Precisamente en ese mismo instante, el motor de Rossino entró violentamente en la vida, desgarrando la noche neblinosa con su rugido de risa triunfal. «También yo -pensó ella-. Es el día más divertido de mi vida.»
Rossino conducía con lentitud, manteniéndose en caminos apartados y siguiendo una ruta cuidadosamente concebida.
«Tú conduces, yo te seguiré. Quizá sea tiempo de hacerse italiana.»
Una llovizna cálida había eliminado gran parte de la nieve, pero él avanzaba con respeto a la mala superficie y a su importante pasajera. Le decía a gritos cosas alegres y parecía estar pasándolo muy bien, pero ella no tenía interés en compartir su talante. Atravesaron un gran portal y ella chilló: «¿Es éste el lugar?», sin saber cuál era el lugar al que se refería, ni preocuparse por ello en absoluto; pero el portal daba a un camino sin asfaltar que iba por colinas y valles de bosques particulares, y los cruzaron solos, bajo una luna inesperada que había sido propiedad privada de Joseph. La muchacha miró hacia abajo y vio un pueblo dormido, envuelto en un sudario blanco; percibió un aroma de pinos de Grecia y sintió cómo el viento hacía desaparecer sus lágrimas tibias. Tenía el cuerpo vibrante, nuevo, de Rossino apoyado en el suyo, y le dijo:
- Cuídate a ti mismo, no queda nada.
Descendieron una última colina, traspusieron otro portal y entraron en una carretera bordeada de alerces sin hojas, como los árboles de Francia en las fiestas de fin de año. El camino volvió a subir y, al llegar a la cima, Rossino paró el motor y se deslizaron cuesta abajo por un sendero del bosque. El hombre abrió una maleta y sacó de ella un montón de prendas y un bolso de mano que le arrojó a ella. Sacó una linterna y a su luz la observó mientras se cambiaba, y hubo un momento en que se encontró semidesnuda ante él.

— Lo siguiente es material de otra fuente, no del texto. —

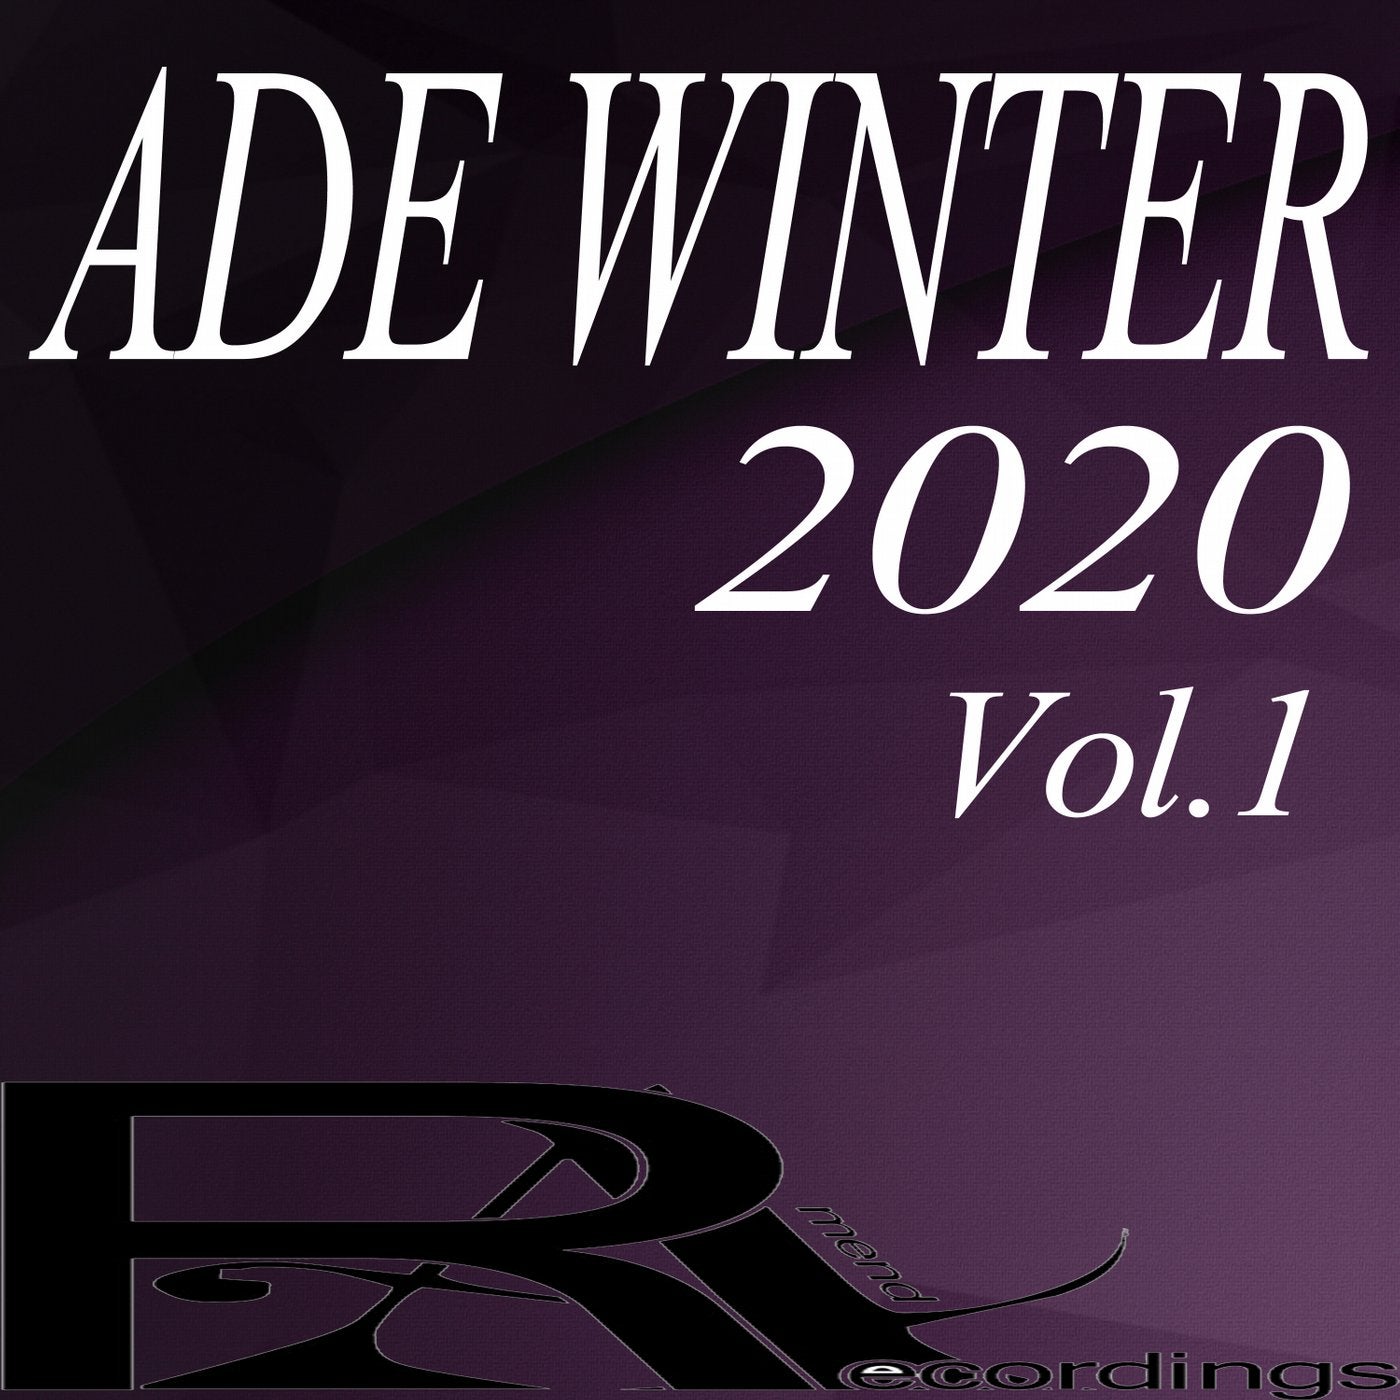 ADE WINTER 2020, Vol.1

«Me quieres; tómame; estoy disponible y no tengo compromisos.»
Se encontraba sin amor y sin valor ante sus propios ojos. Se encontraba donde había comenzado, y todo el podrido mundo podía aplastarla.

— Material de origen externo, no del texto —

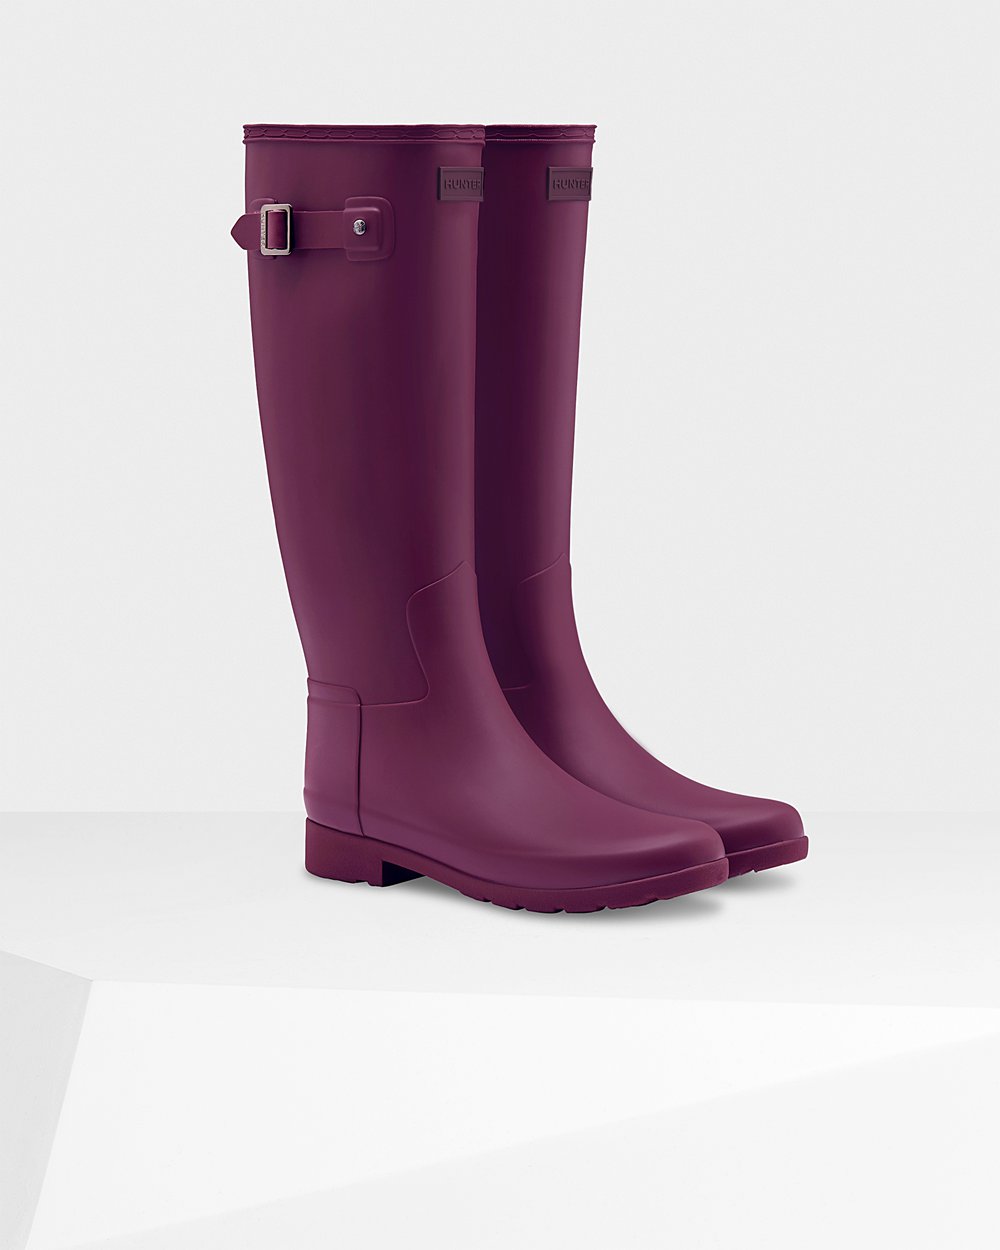 Womens Tall Rain Boots - Hunter Refined Slim Fit (56XLIWRDY) - Purple

Pasó todas sus baratijas de un bolso al otro: polvos de maquillaje, tampones, dinero, su paquete de Marlboro. Y su pequeño radiodespertador para ensayos. -Oprime el volumen, Charlie, ¿me escuchas?-. Rossino le cogió el viejo pasaporte y le entregó otro nuevo, pero ella no se molestó en averiguar qué nacionalidad había adquirido.
Ciudadana de Ninguna parte, nacida ayer.